Reid isn’t talking about cheap pieces of plastic here (although, you can go that route). He’s talking about jewelry made from real metals: brass, steel, bronze, and sterling silver. The high-end printers employed by Matter.io use thin layers of powdered metals that are zapped by lasers. The heating and cooling of metal filaments creates solid shapes. Layer after layer of laser-zapped powder produces a piece of jewelry.

You can submit an original design or pick a template of various rings and necklaces at Dyo, the startup’s new online store.
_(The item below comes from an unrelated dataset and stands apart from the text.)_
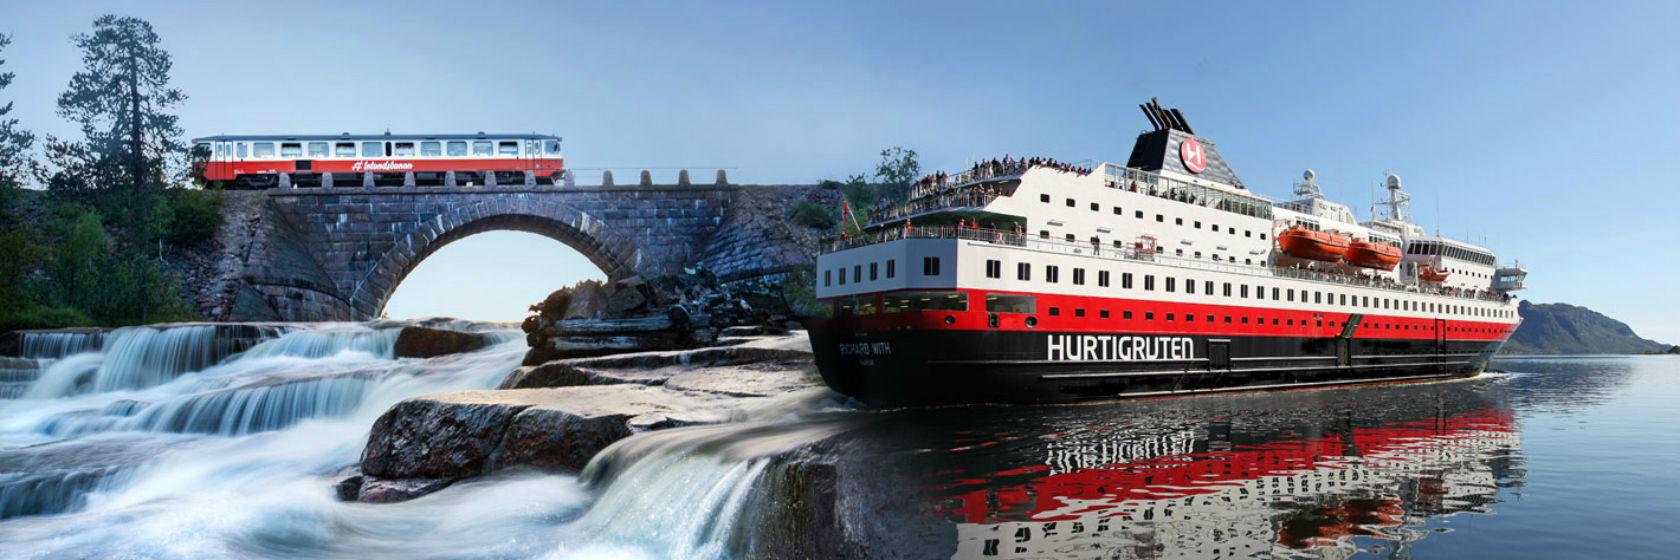 Inlandsbanan & Hurtigruten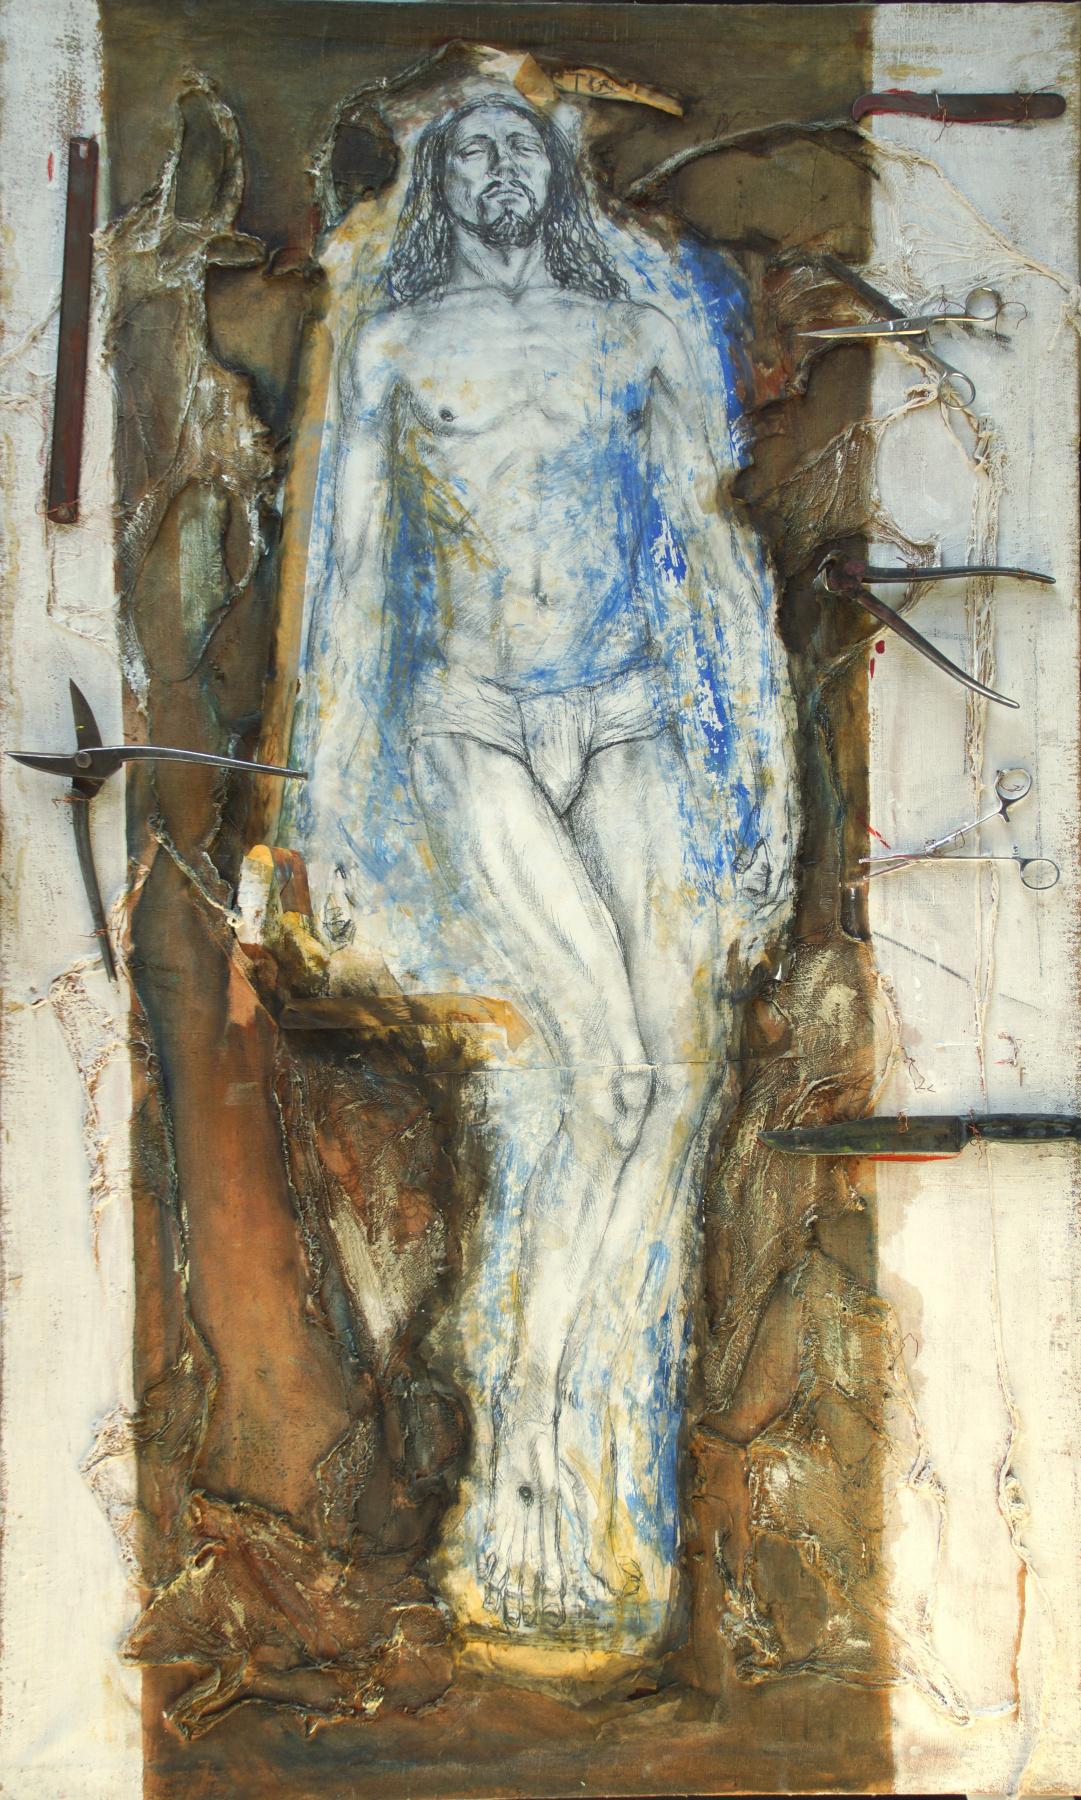 Sergey Viktorovich Solomatin. Tools and Christ

Either way, you’ll end up with a one-of-a-kind piece, because the digital nature of 3-D printing makes customization easy.

“We’ve had to make do since the Industrial Revolution with stuff that’s right off the shelf. You’re forced to derive meaning from it, but you don’t play any role in designing it,” Reid said. “Now, by actually doing something creative to make jewelry, it kind of gives us all a leg up.”

Callum Borchers

Going ‘where the cool kids live’

We all think our local innovation scene is pretty awesome but, for a reality check, it’s always good to get an outsider’s perspective. So I was eager to hear what Avecto cofounder Paul Kenyon had to say about the decision by his Manchester technology company — Manchester, England, that is — to open an office in Cambridge last week.

“We decided on Cambridge,” Kenyon told me, “because this is where the cool kids live.”

No argument here. Except, Avecto’s new digs at 125 Cambridge Park Drive, near the Alewife T station, are as far down the Red Line as you can get from the mecca of Kendall Square. So has Avecto really moved in with the cool kids?

Kenyon said he got the sense during the company’s office search that the cool neighborhood is expanding. He’s right, of course, especially along the Red Line. Promising startups are decamping to Porter, Davis and, yes, even Alewife. Avecto’s neighbors include Pfizer, Voxware, and Vertica Systems.

“I love Kendall Square. I would’ve liked to have been there,” Kenyon said. “But this seems like a reasonable compromise.”

One that will save Avecto 25 percent on its rent, by the way.

Avecto moved in with a team of about 10 and has room for 20 more hires. It helps companies set tailored computer access levels for employee groups.

Callum Borchers

Reinventing the business card

Is it really 2014 and we’re still handing each other rectangular scraps of paper to exchange contact information? Remember the PalmPilot? The Bump app? QR codes on the back of cards?

An MIT startup, TouchBase Technologies, is proposing a better solution. Its product looks like a business card, but when tapped to an iPhone screen it pulls up the individual’s photo, contact info, Twitter handle, and a LinkedIn option. The cards can also make a video clip, slide show, or company website appear.

TouchBase has launched a crowdfunding campaign to raise $30,000, offering a trial package of 36 cards for $25. Chief executive Sai To Yeung is on leave from the MBA program at MIT’s Sloan School; chief technology officer Jonathan Warneke is enrolled as an undergrad.

With a few sample cards I navigated on my iPhone to the TouchBase website and tapped a card with my name on it to the screen. Nothing. So I heeded instructions to remove the phone case and in a few seconds my photo and contact info showed up.